SUPPLIED INFORMATION »
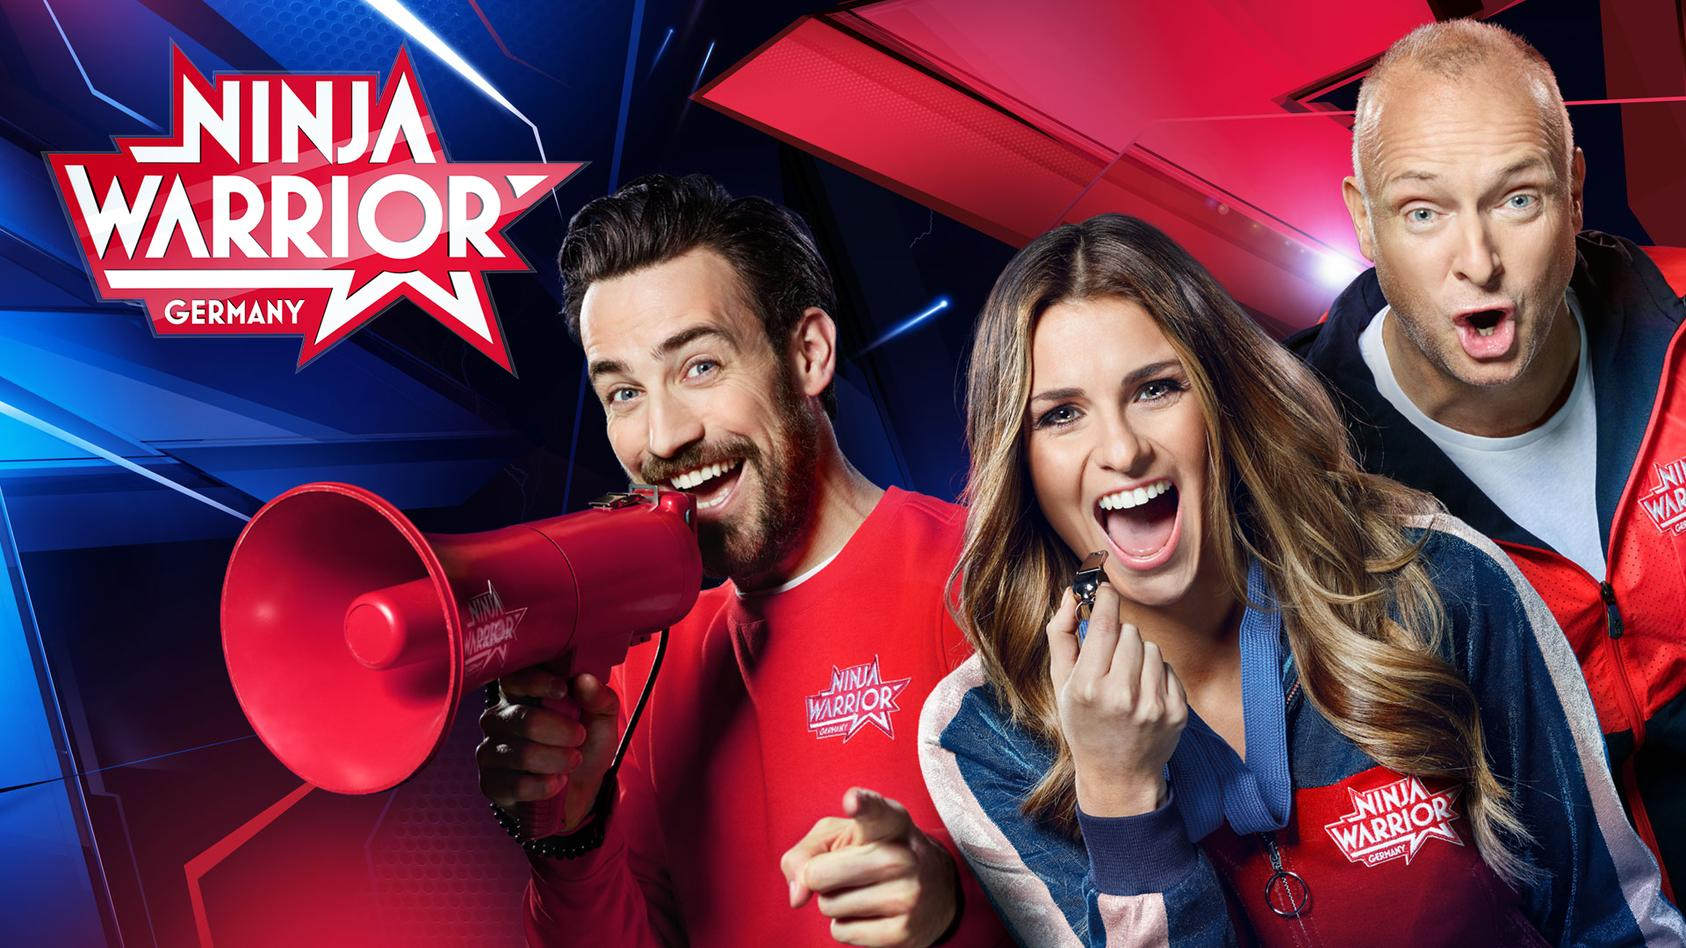 Samstag 20:15 Uhr, Ninja Warrior Germany - Staffel 6 - Wer wird Germany's Next Ninja Warrior?
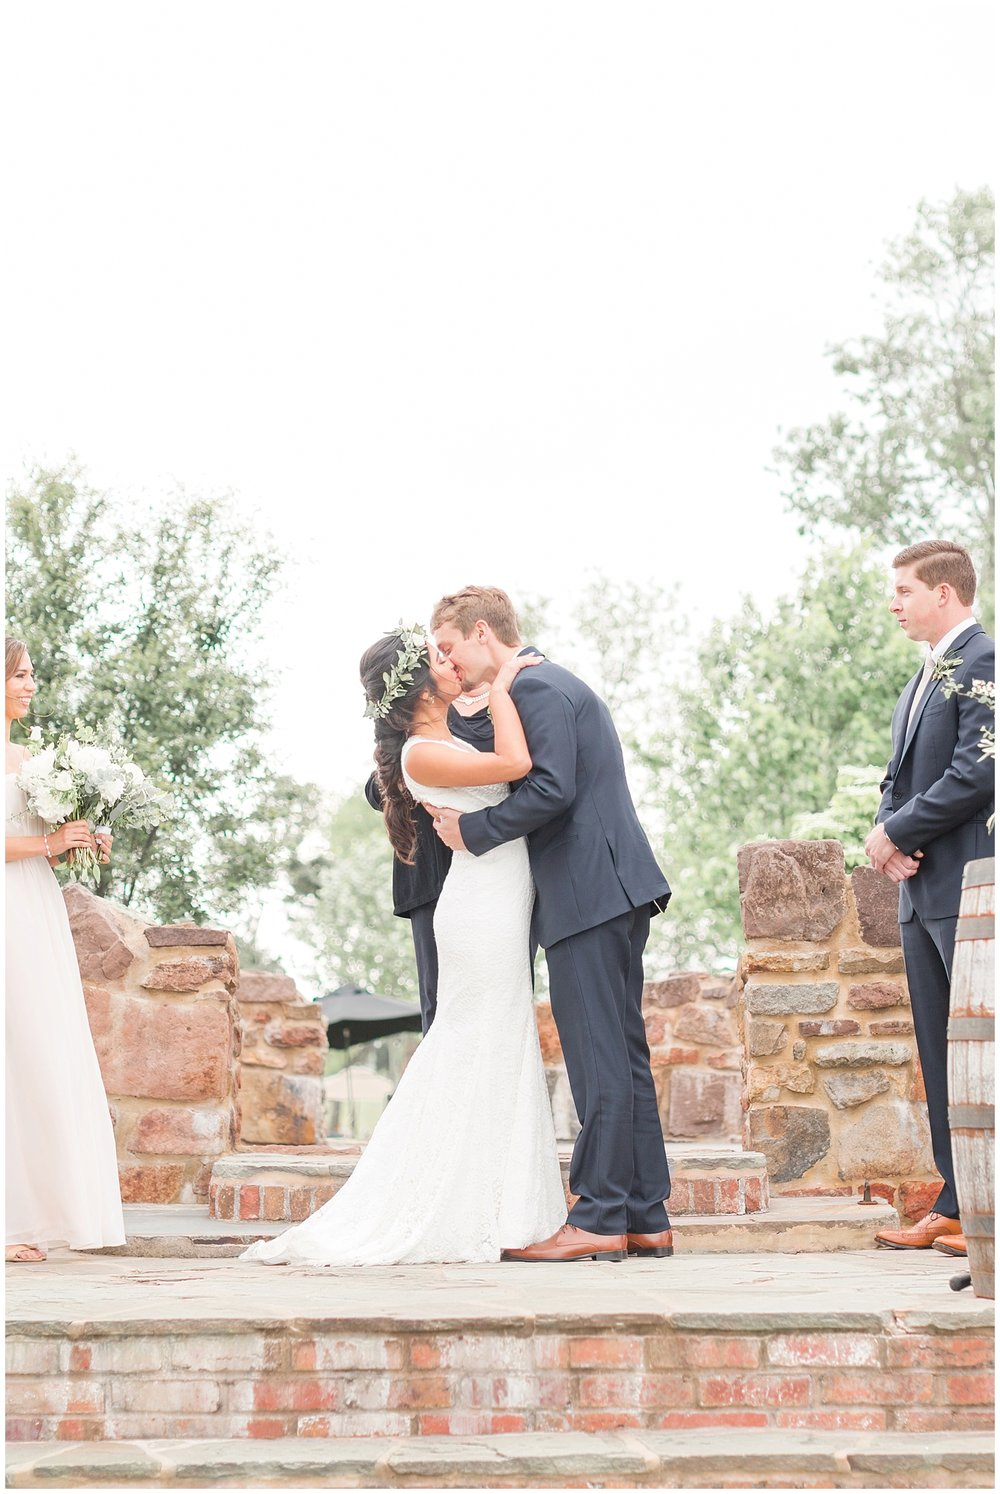 Manassas-Virginia-Wedding-Photos_Winery-at-Bull-Run-Wedding_Jessica-Green-Photography-43.jpg
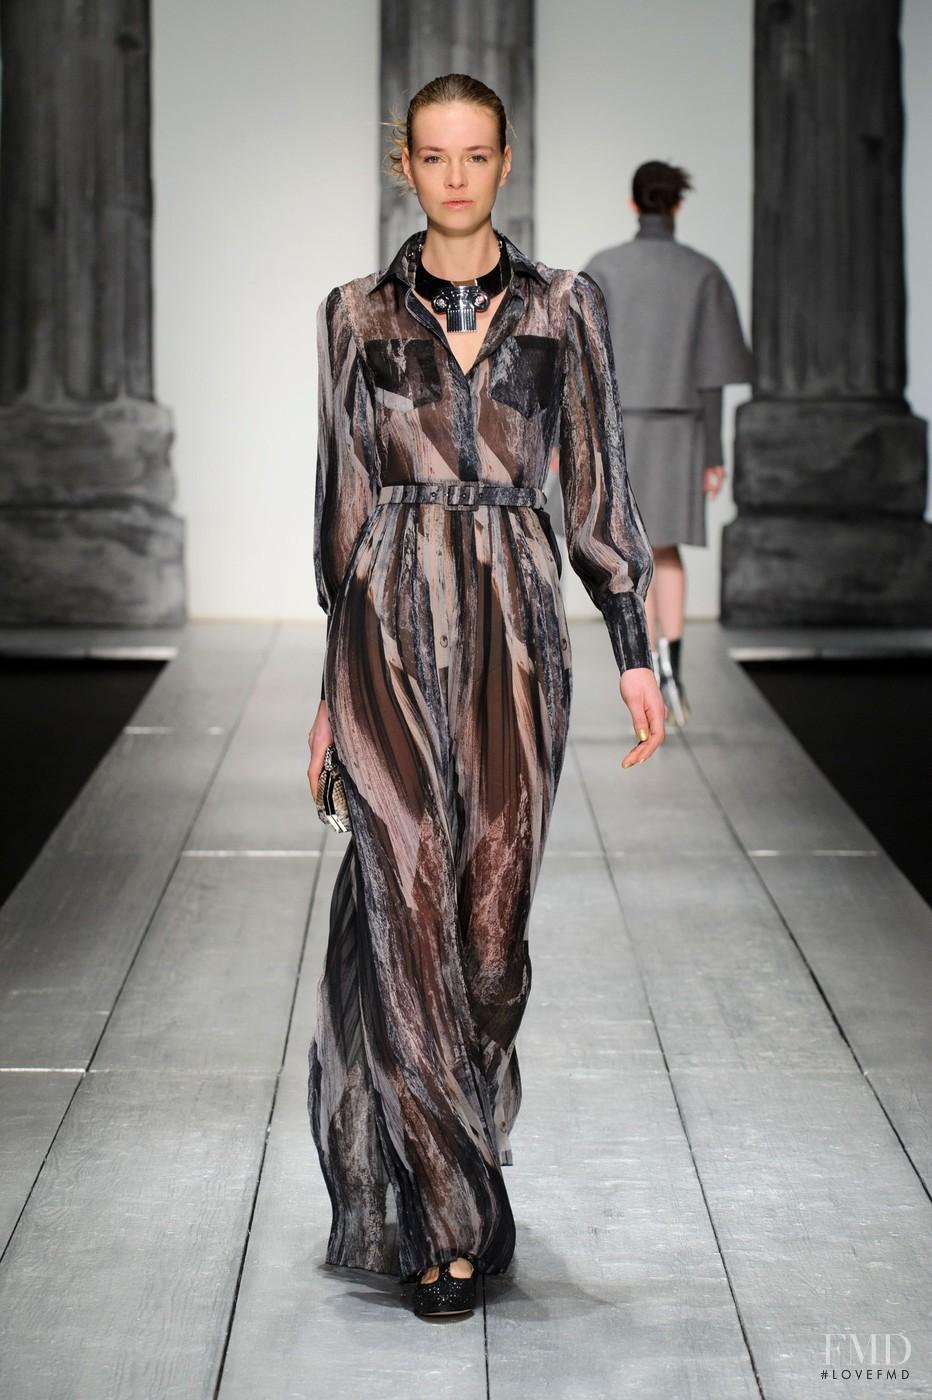 The sensational history of Italian fashion - A Fashion History Laura biagiotti fashion designer
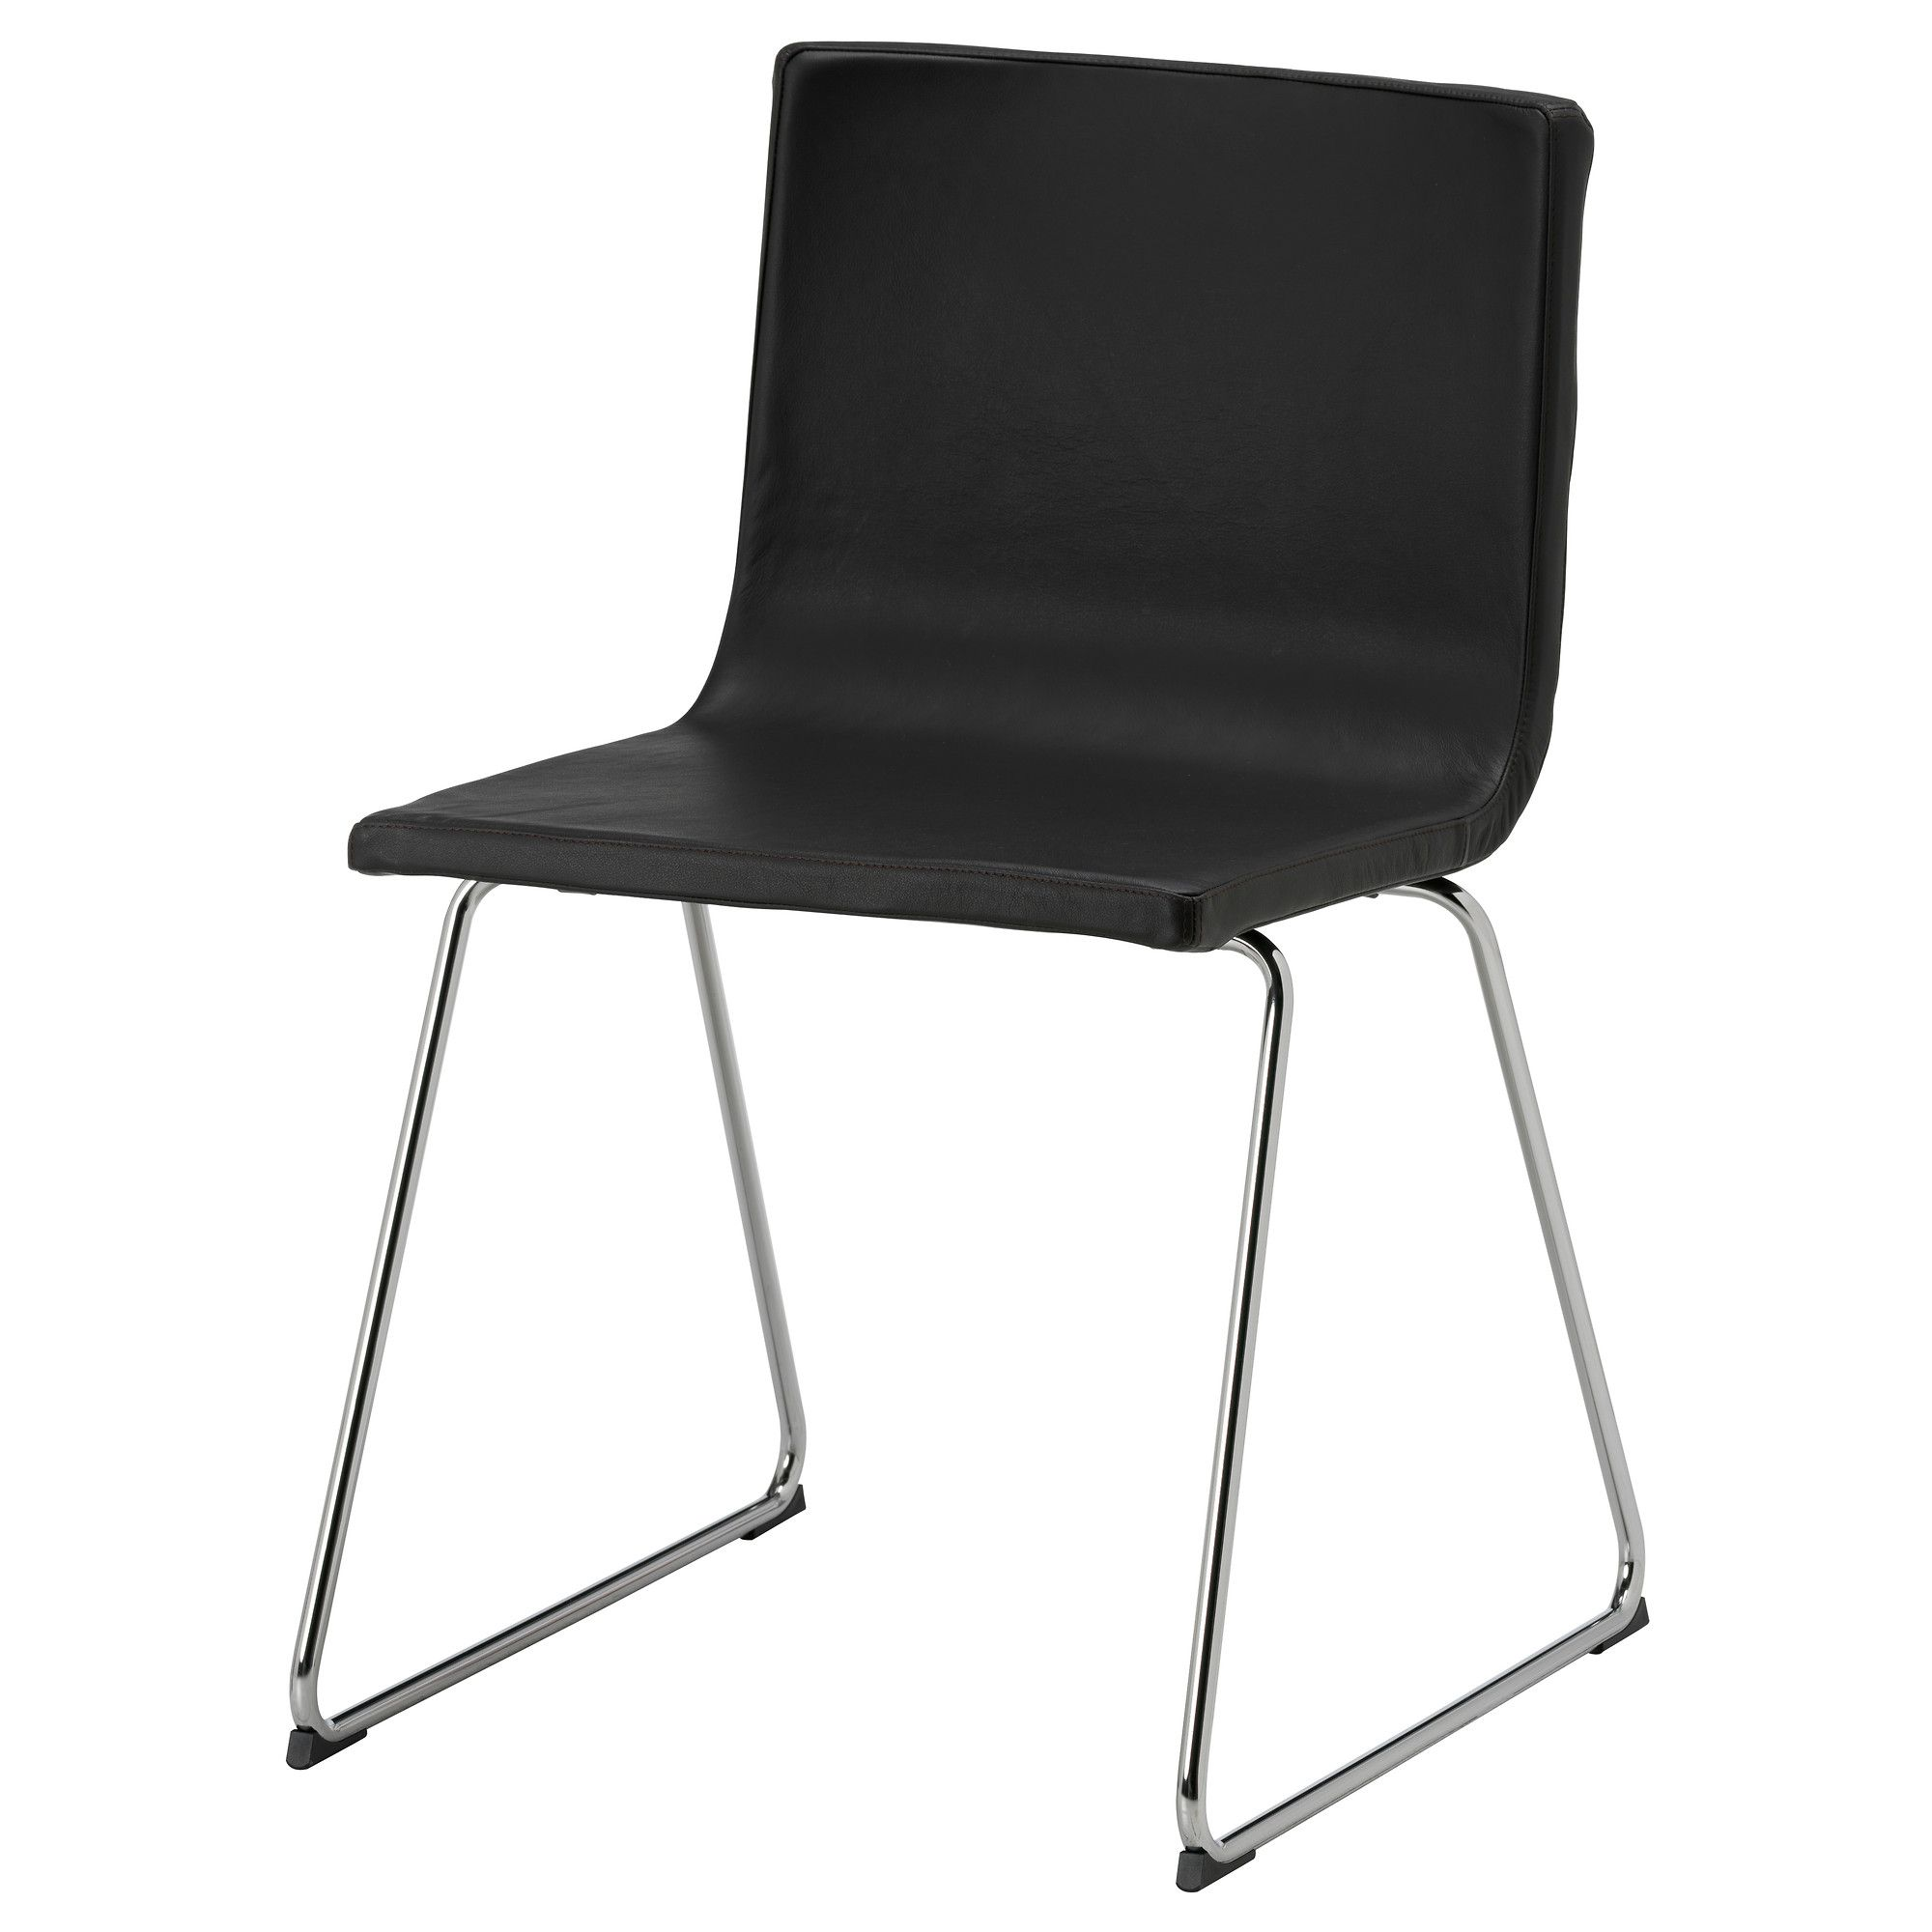 bernhard chair chrome plated kavat mjuk dark brown ugh bleh interior design pinterest. Black Bedroom Furniture Sets. Home Design Ideas

TASK TO COMPLETE »
Repeat the data above in full and exactly. Omit every image.

SOLUTION »
 Samstag 20:15 Uhr, Ninja Warrior Germany - Staffel 6 - Wer wird Germany's Next Ninja Warrior?
 Manassas-Virginia-Wedding-Photos_Winery-at-Bull-Run-Wedding_Jessica-Green-Photography-43.jpg
 The sensational history of Italian fashion - A Fashion History Laura biagiotti fashion designer
 bernhard chair chrome plated kavat mjuk dark brown ugh bleh interior design pinterest. Black Bedroom Furniture Sets. Home Design Ideas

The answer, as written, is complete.